State-dependent computation has a long history, developed in parallel in computer science by Alan Turing and in animal behavior by early ethologists such as Nils Tinbergen and Konrad Lorenz. Recent work in a variety of model organisms (C. elegans, drosophila, zebrafish, and rodents) have begun to revisit ethological theories of behavioral states and hierarchies, with more precise mathematical models of the underlying state-dependent computation.  

Dynamics of organized hierarchy

“In larval zebrafish, for example, foraging behavior is hierarchically organized at the level of exploitation and exploration states, which persists for minutes at a time. Each state is then further organized into shorter timescale states such as individual hunting sequences, which persist for seconds. From an ethological view, this is a classic behavioral hierarchy. However, we now have the tools to build dynamical systems models from large scale neural recordings to identify the nested neural dynamics that organize this hierarchy” explains principal investigator Jennifer Li.  

In the review, Jennifer Li and Drew Robson reformulates some of the classical ethological theories in a dynamical systems framework. In the process, they identify key limitations in our current understanding of the neuromodulatory activity that underlies complex hierarchies in natural behavior. “The brain does not perform invariant transformations of sensory inputs into behaviors. The internal state of the brain organizes the animal’s goals and motivations. However, there is not a simple one-to-one mapping between a unique set of neuromodulatory neurons and a given behavioral state. Internal brain states are multidimensional and dynamic,” describes principal investigator Drew Robson.

Multi-dimensional state space model

Indeed, the outcome from decades of brain research shows that there is a complex and recurrent neuromodulatory system at work, in which multiple neuromodulatory systems (e.g. serotonin, norepinephrine, dopamine, acetylcholine) interact with one another in a high dimensional state-space. “Each behavioral state occurs at a point somewhere in this state-space, with a set of paths that connect one state to another.

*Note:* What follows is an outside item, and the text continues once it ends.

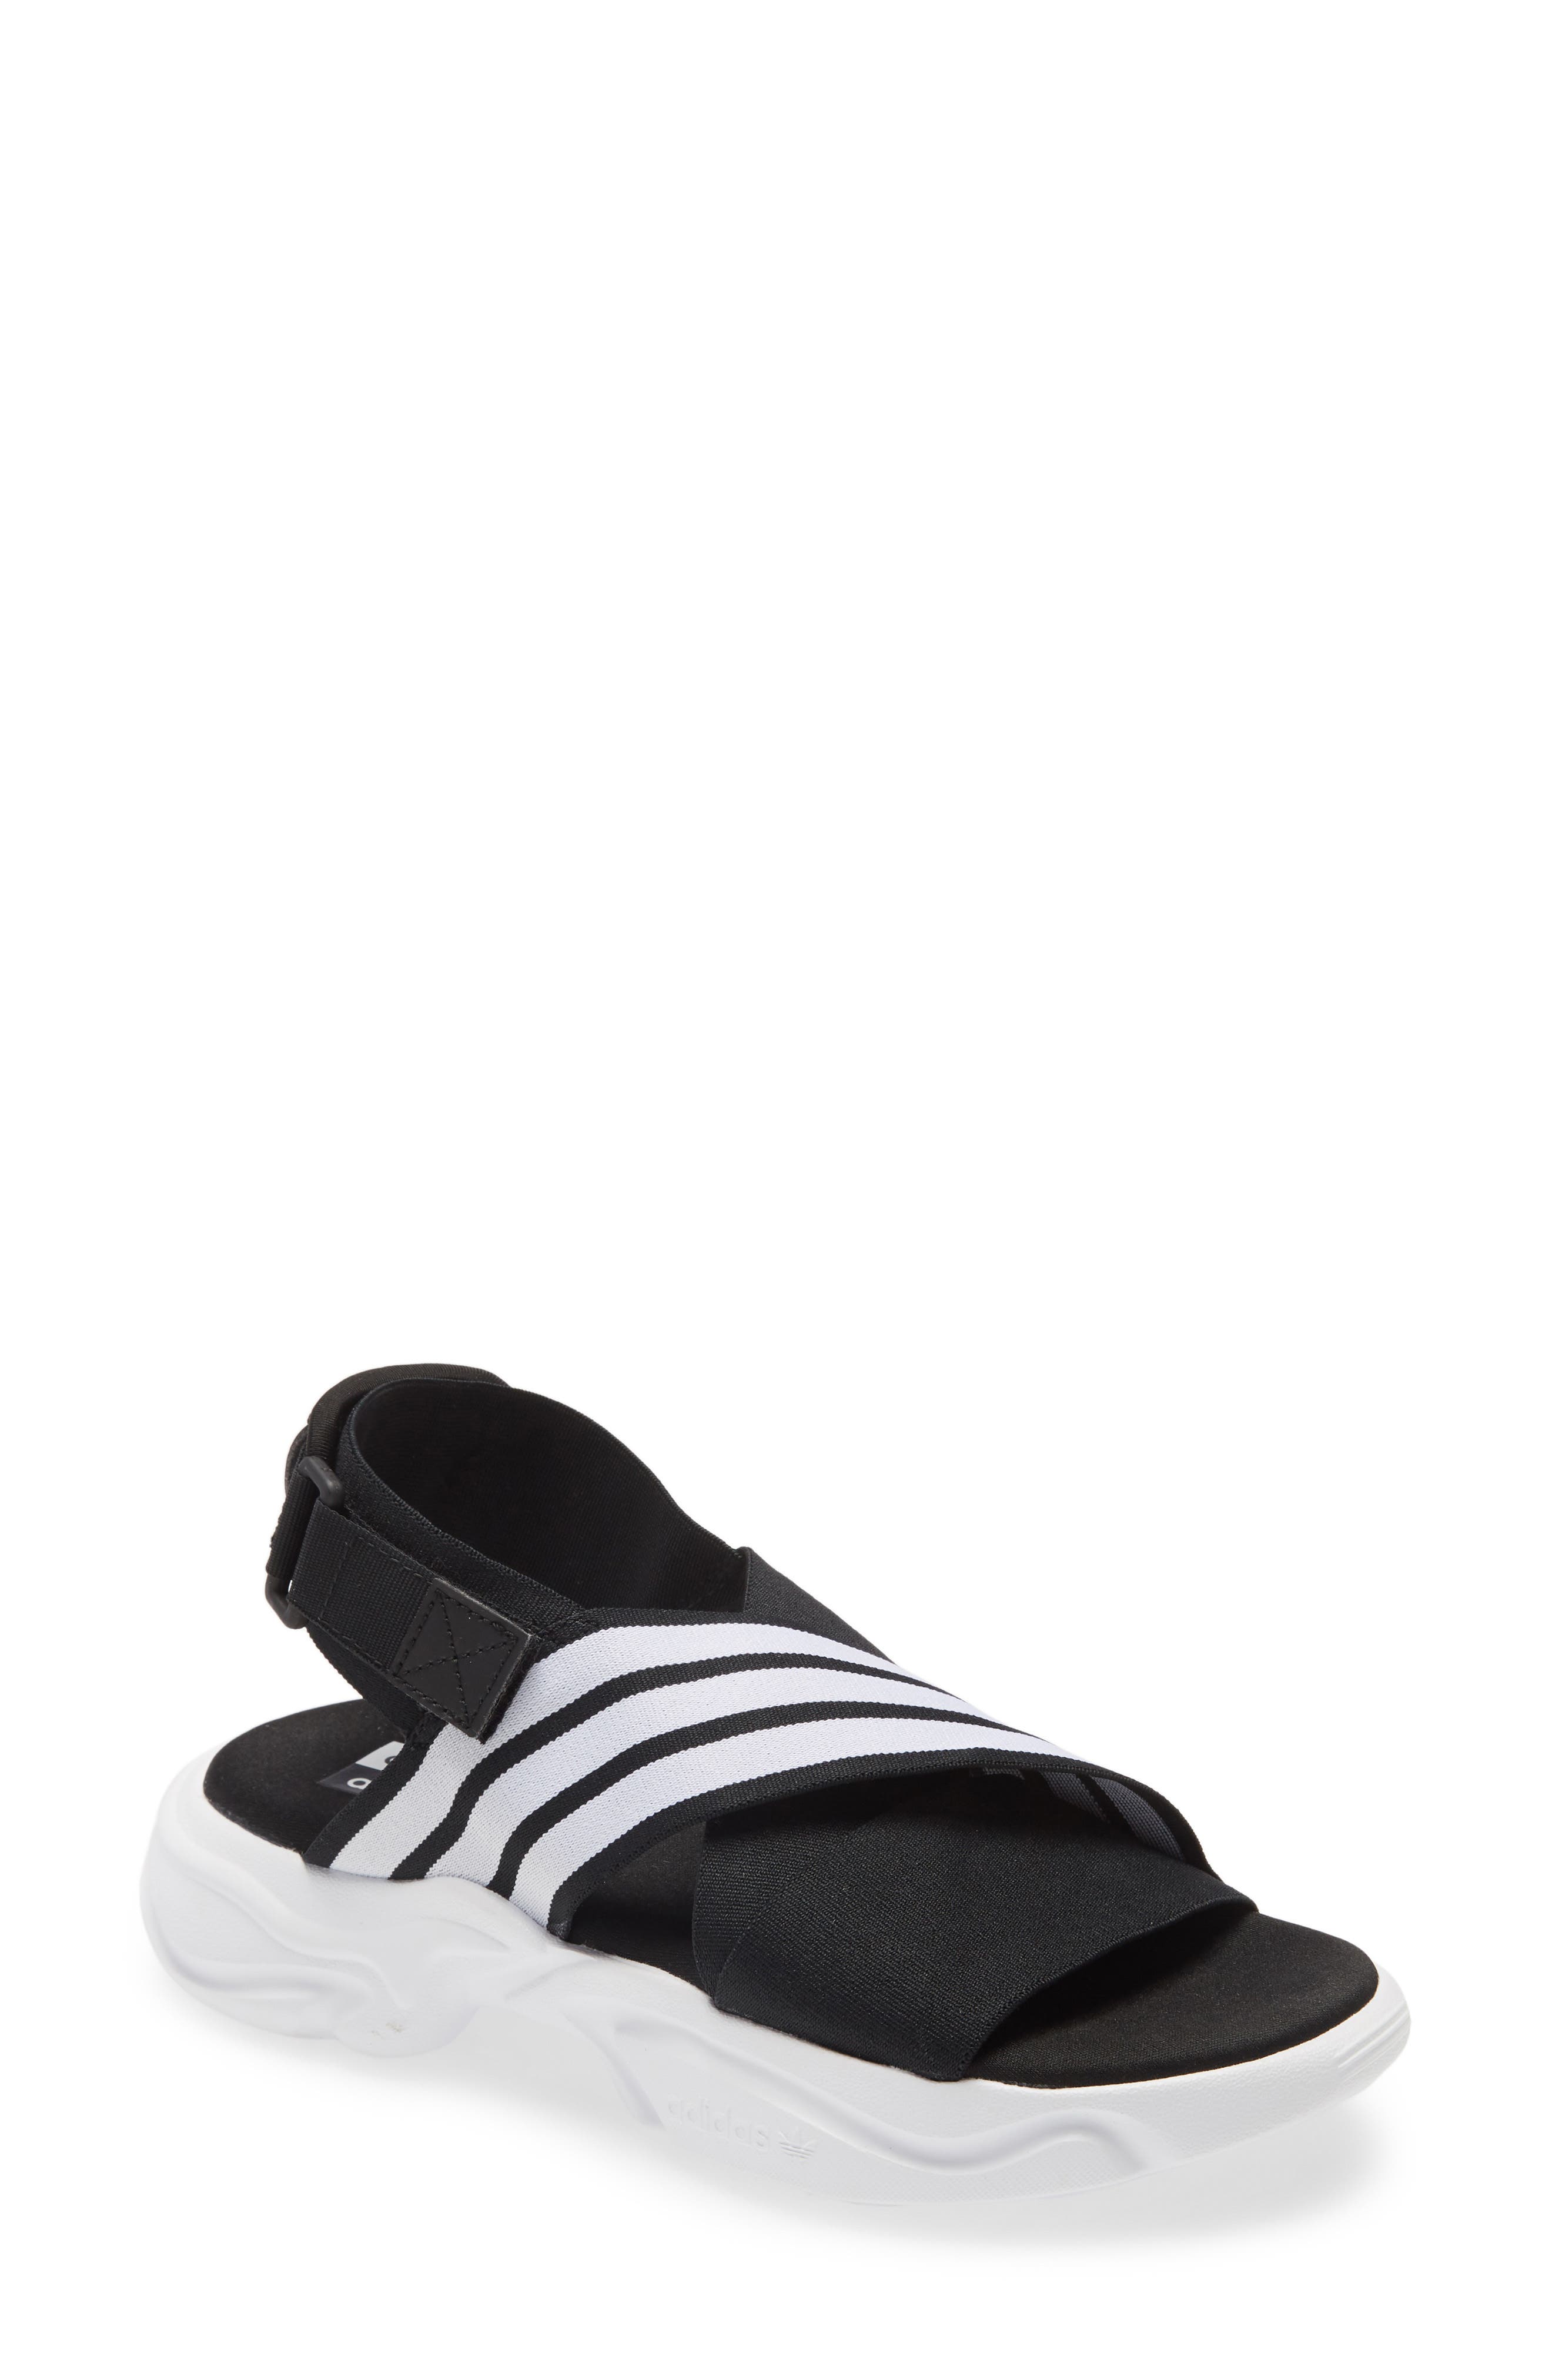 sandals for women adidas

We need both a comprehensive view of neuromodulatory activity and a large set of natural behavioral states to untangle this relationship,” Li concludes.    

Jennifer Li and Drew Robson are already starting to build a multi-dimensional state space model of internal brain states in zebrafish, which organizes the rich set of natural behaviors in this animal. They are a part of a new pioneering group of computational neuroethologists, opening a new chapter in understanding how our brain works to organize our behavior.